IFC Center's complete retropsective of the films of Stanley Kubrick proceeds apace today with screenings of THE SHINING, KILLER'S KISS, 2001: A SPACE ODYSSEY and A CLOCKWORK ORANGE. Two masterpieces, a movie I'm not so nuts about any more and an early effort worth a big screen viewing if only to watch the emerging style of a future master. I'll let you sort which is which. All worthy of your attendance but as they screen on a fairly regular basis in our beatuiful burg I'm passing them up as my Pick today.
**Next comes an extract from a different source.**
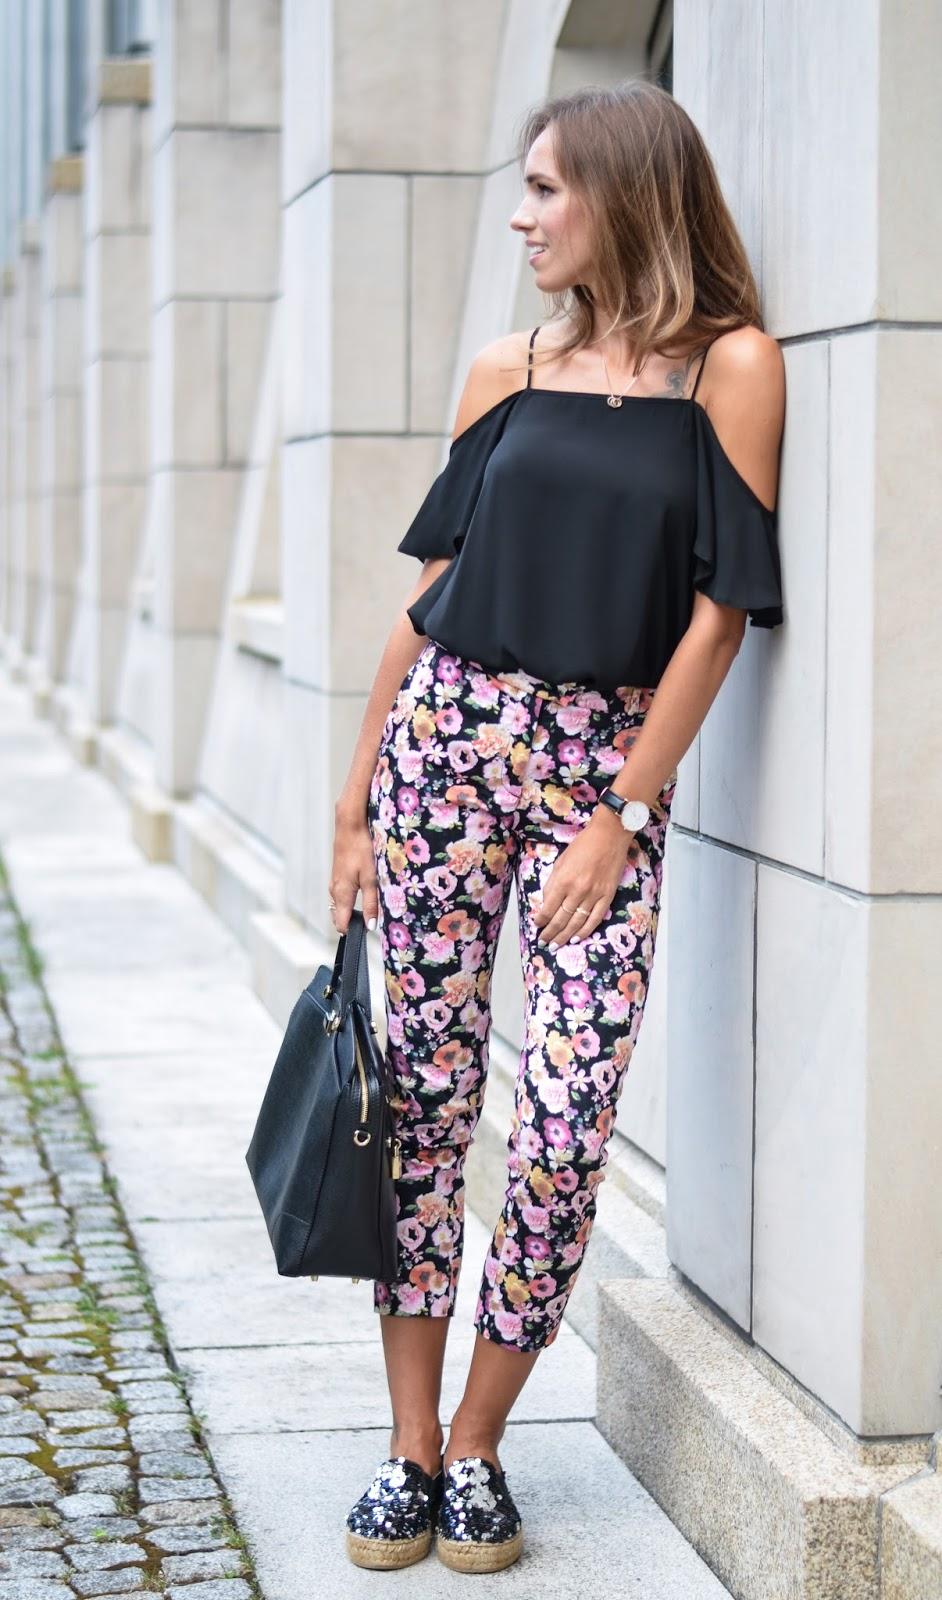 kristjaana mere munich street style summer 2015 trend outfit

Sorry Stanley.

Jacques Rivette's LE PONT DU NORD gets a week long hug from BAM starting today. Rivette's kookfest follows a mother and daughter team's journey through a surreal Paris as they go about solving the mystery of why this film got made. Kiddin'. Never seen, and actually haven't ever seen a Jacques Rivette flick, so I'd normally gravitate toward this screening, only today I'm choosing something I consider much more worthy. Read.

Finally caught Fritz Lang's incomparable M at Film Forum last night in its new DCP restoration, which looked fantastic. It screens for one more week, so although I can't repeat yesterday's Pick I still implore you to catch this before it's gone!
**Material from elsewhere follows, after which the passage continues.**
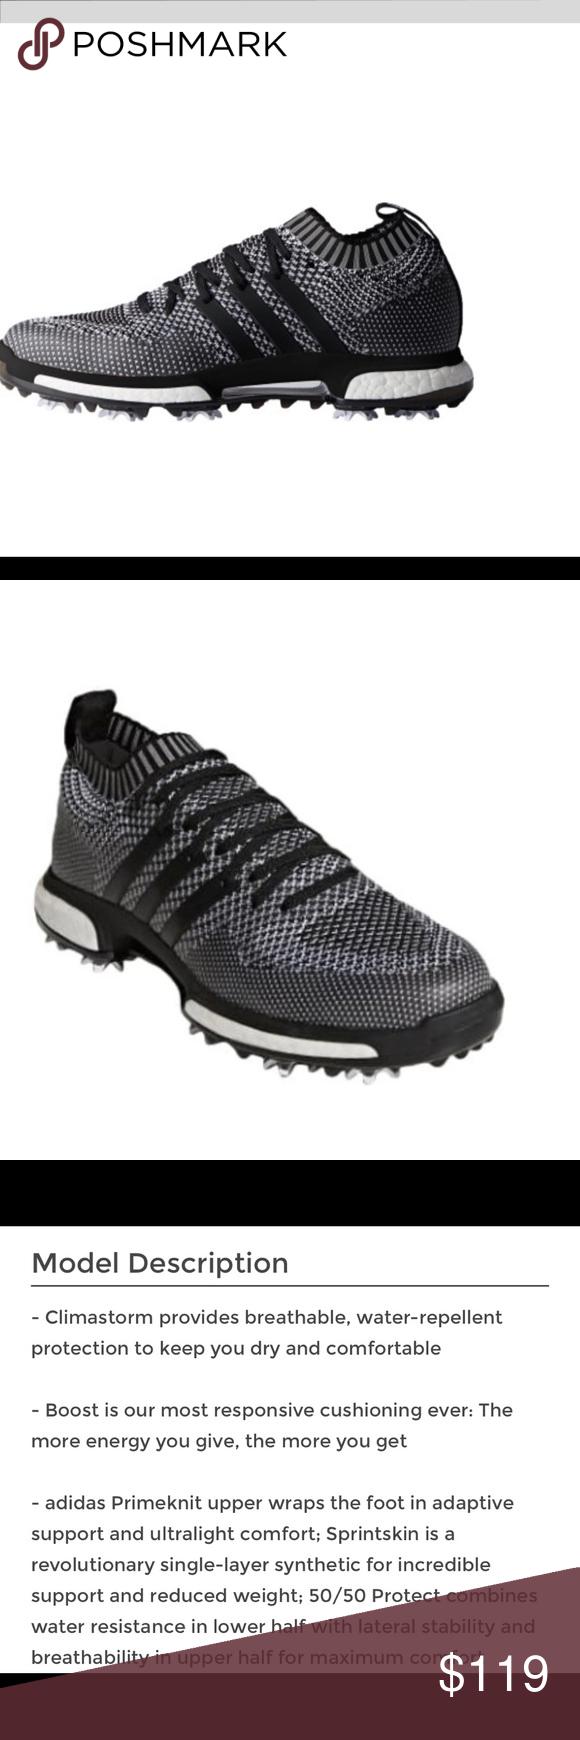 22+ Adidas 360 primeknit golf shoes viral

Anthology Film Archives resumes its trib to the late great Andrew Sarris with a double bill of Phil Karlson's THE BROTHERS RICO and Joseph H. Lewis' MY NAME IS JULIA ROSS. Karlson and Lewis are regarded as gritty meat-and-potatoes directors emblematic of the better B-noirs that were cranked out in postwar Hollywood, and were faves of the author of THE AMERICAN CINEMA: DIRECTORS AND DIRECTIONS. Tempts, but no.

The Rubin Museum's Cabaret Cinema screen lights up once more with a screening of Louis Malle's BLACK MOON. For some reason a lotta bugfuckerry's been on display at our local rep houses lately, and this tale of a delusional teen coming of age at a secluded farm where they raise sheep and unicorns fits snugly in with that bunch I thank ye. I always dig lounging back with a brew at the Rubin but I defer my Pick to another. Sorry, monks...

And midnight movies in our city include Hitchcock's last interesting flick FRENZY, at the IFC Center, and the flick Hitch's VERTIGO (unjustly) knocked off the top spot in the latest Sight and Sound poll, Orson Welles' CITIZEN KANE, screening at the Landmark Sunshine Cinema. Again I see these booked fairly often, and there's not a damn thing wrong with that, but a film is unspooling today as part of a week-long run in service to its reappraisal, and I'm pretty sure after this week it'll be quite a long time indeed before it screens again. Don't let that put you off attending, you may just participate in the rebirth of a misread and misjudged classic.

So much has been written about this movie that more people know about it without having seen it than have. So I'll skip the usual backstory synopsis and tell you about my history with the film. It all started with DUNE, which I saw in 1984 and became immediately obsessed with. Not because it was a good film by any means, LORD no, but because of the sheer brain-boiling miasma that unfolded in the movie theater that night. I rewatched the film incessantly like an air disaster investigator replays the black box, trying to explain to myself why the filmmakers had made each bizarre choice that ended up on the screen, how this much money and talent could result in something so whowhatnow? It fascinated me that they spent a then-record 60 milion bucks on a flick that featured giant worms made from condoms and Kenneth McMillan getting the Harkonnen version of a hot stone massage.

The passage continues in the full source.